* **PROMPT**
In the entries below, find the line with "Predator Unmasked APBEN004" and the line with "Airbnb website in 2016"; copy them and every line between them exactly, but not the pictures.

* **GIVEN RECORDS**
---*---

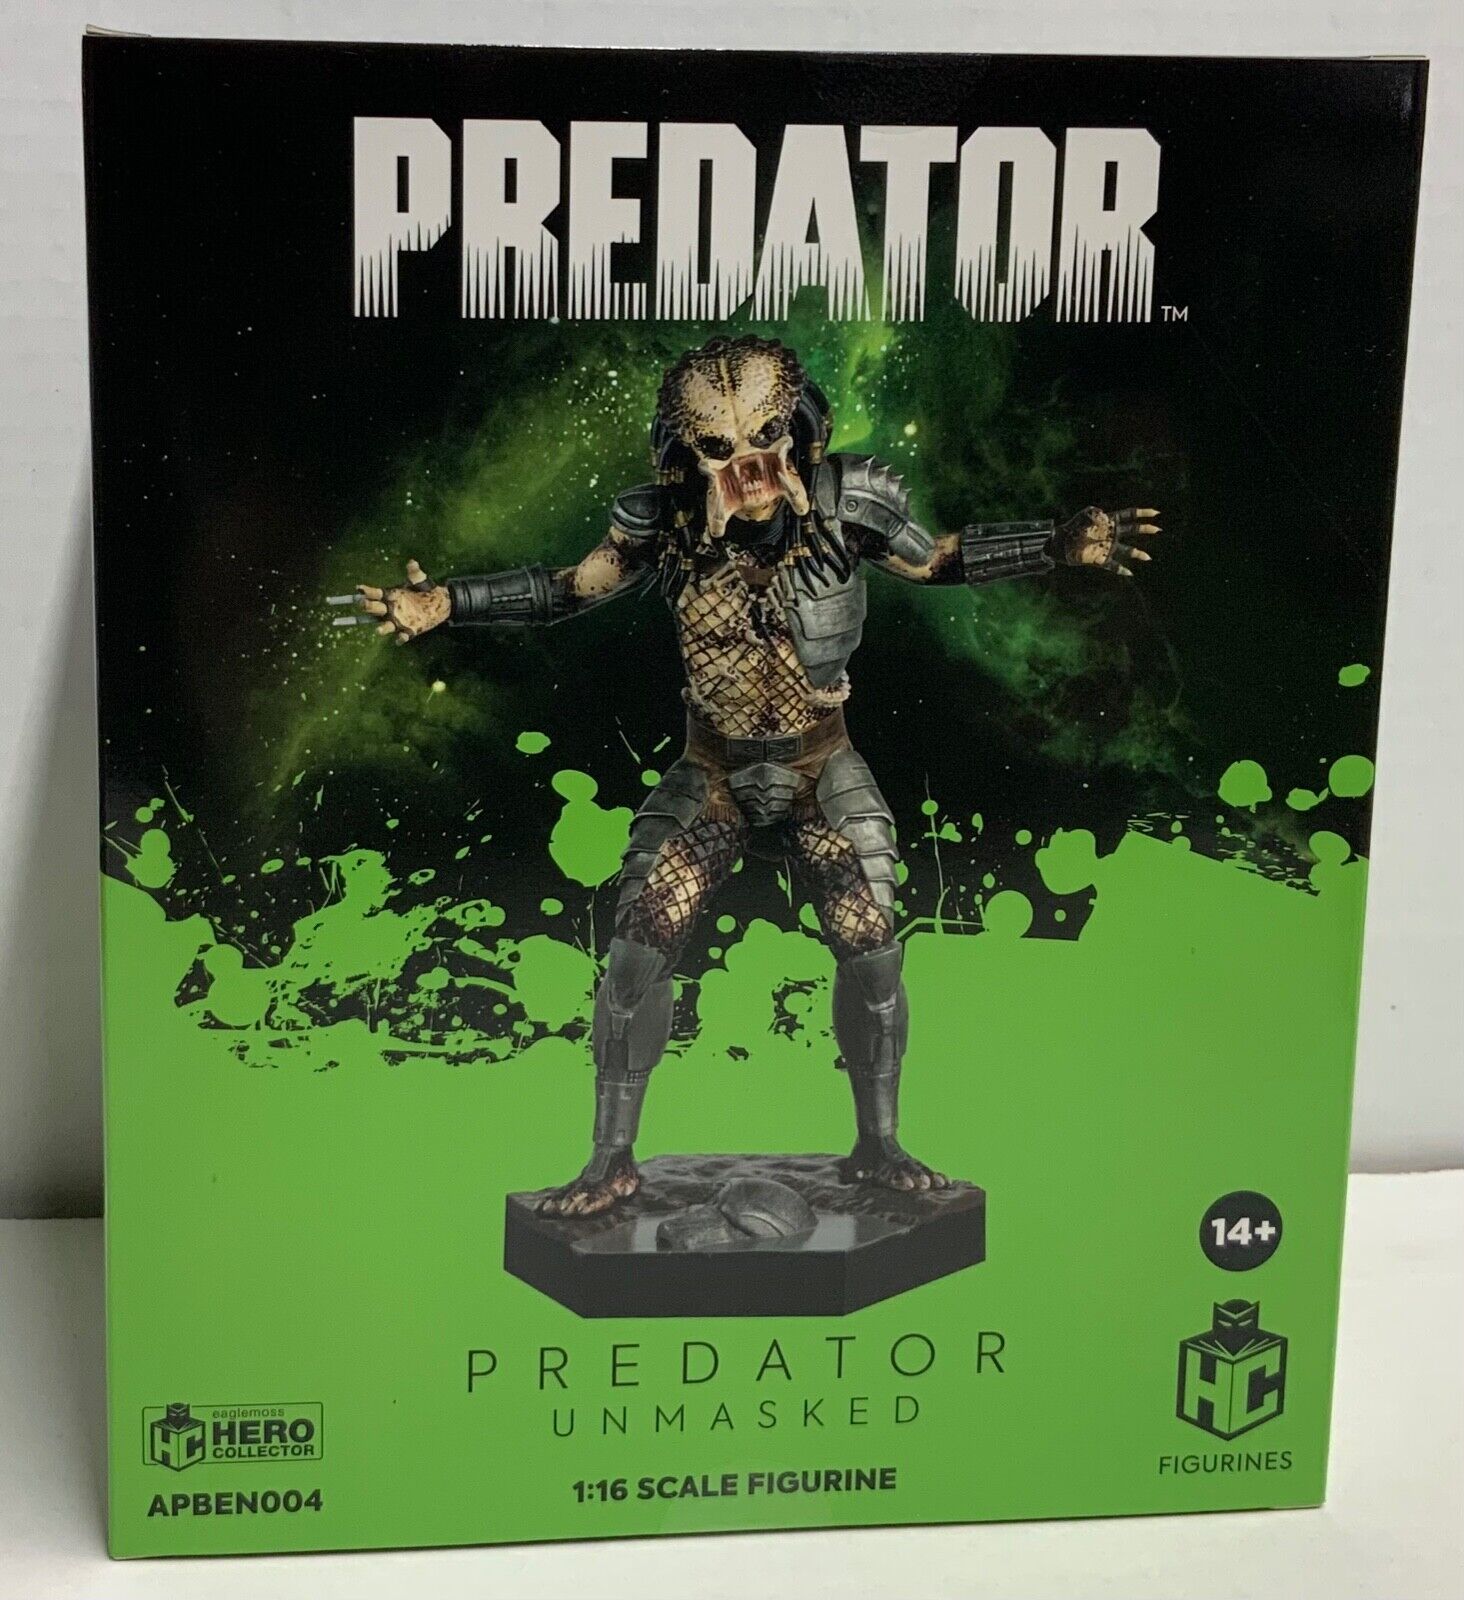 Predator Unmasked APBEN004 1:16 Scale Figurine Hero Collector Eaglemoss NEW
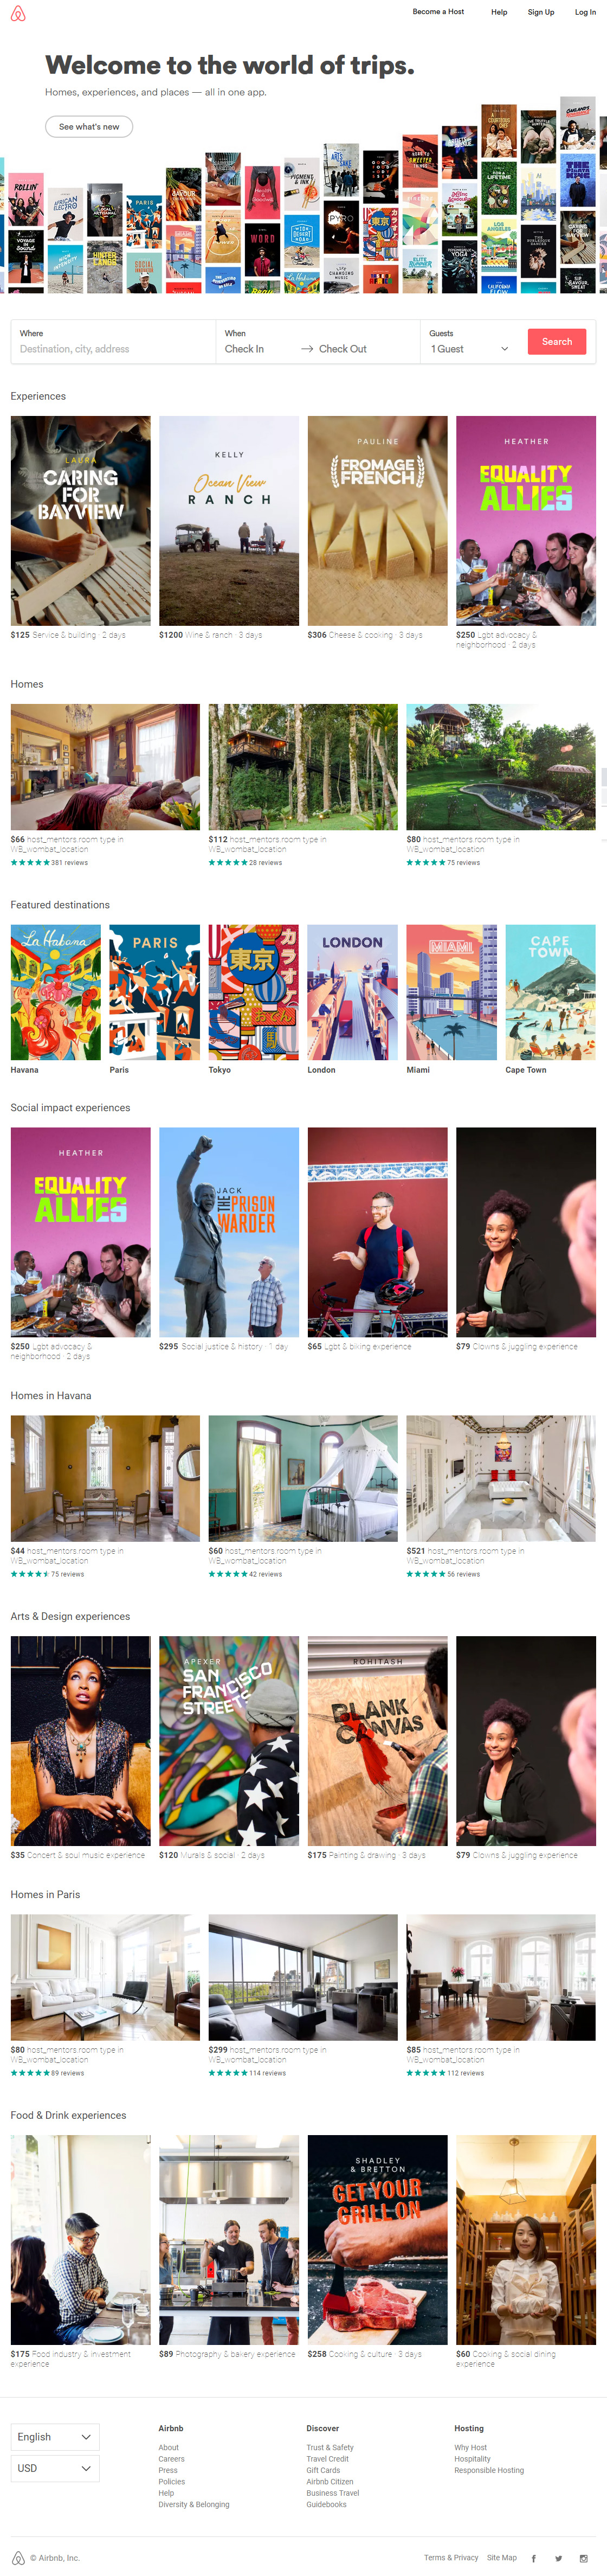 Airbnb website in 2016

---*---

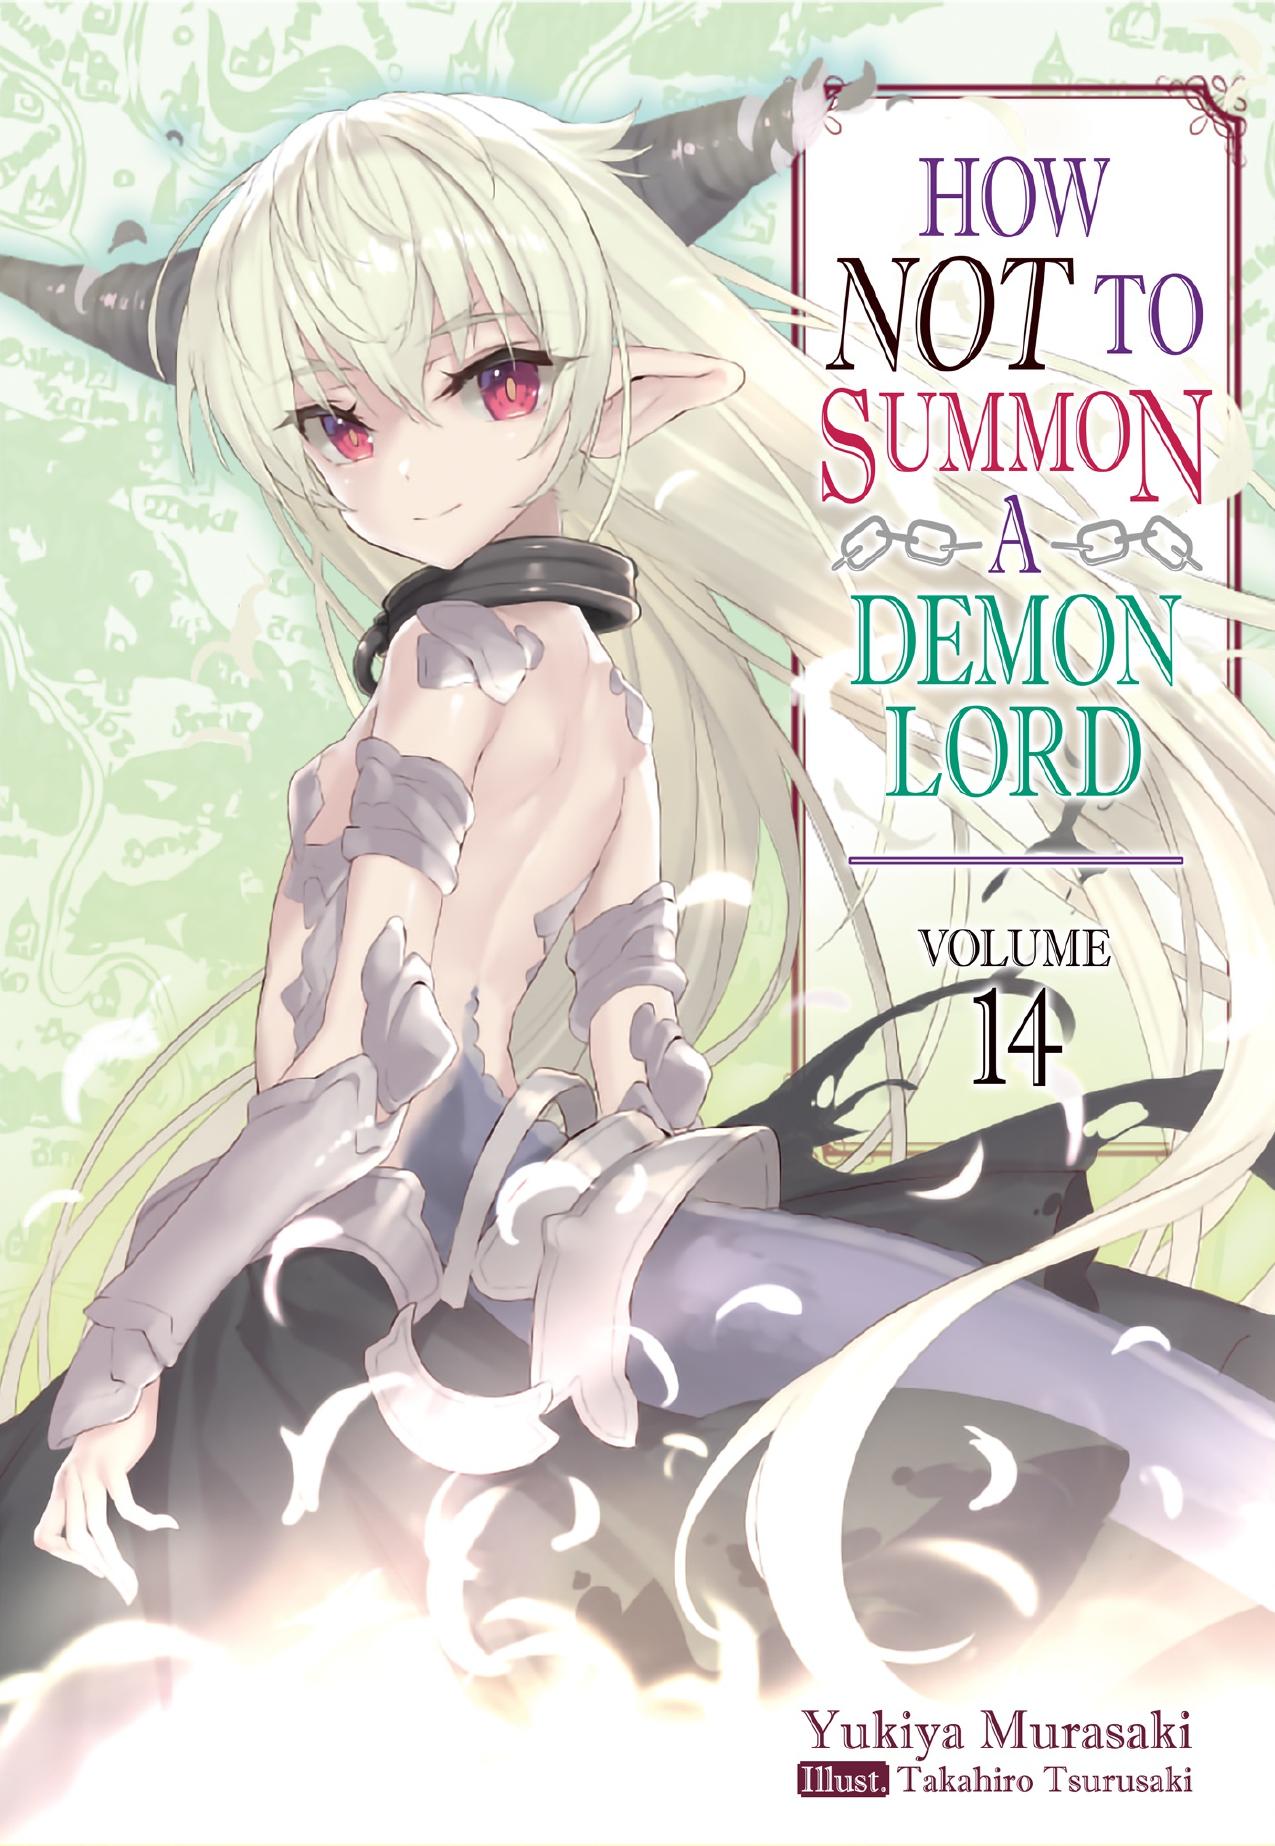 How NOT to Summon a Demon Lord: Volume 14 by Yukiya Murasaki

---*---

* **RESPONSE AREA**
 Predator Unmasked APBEN004 1:16 Scale Figurine Hero Collector Eaglemoss NEW
 Airbnb website in 2016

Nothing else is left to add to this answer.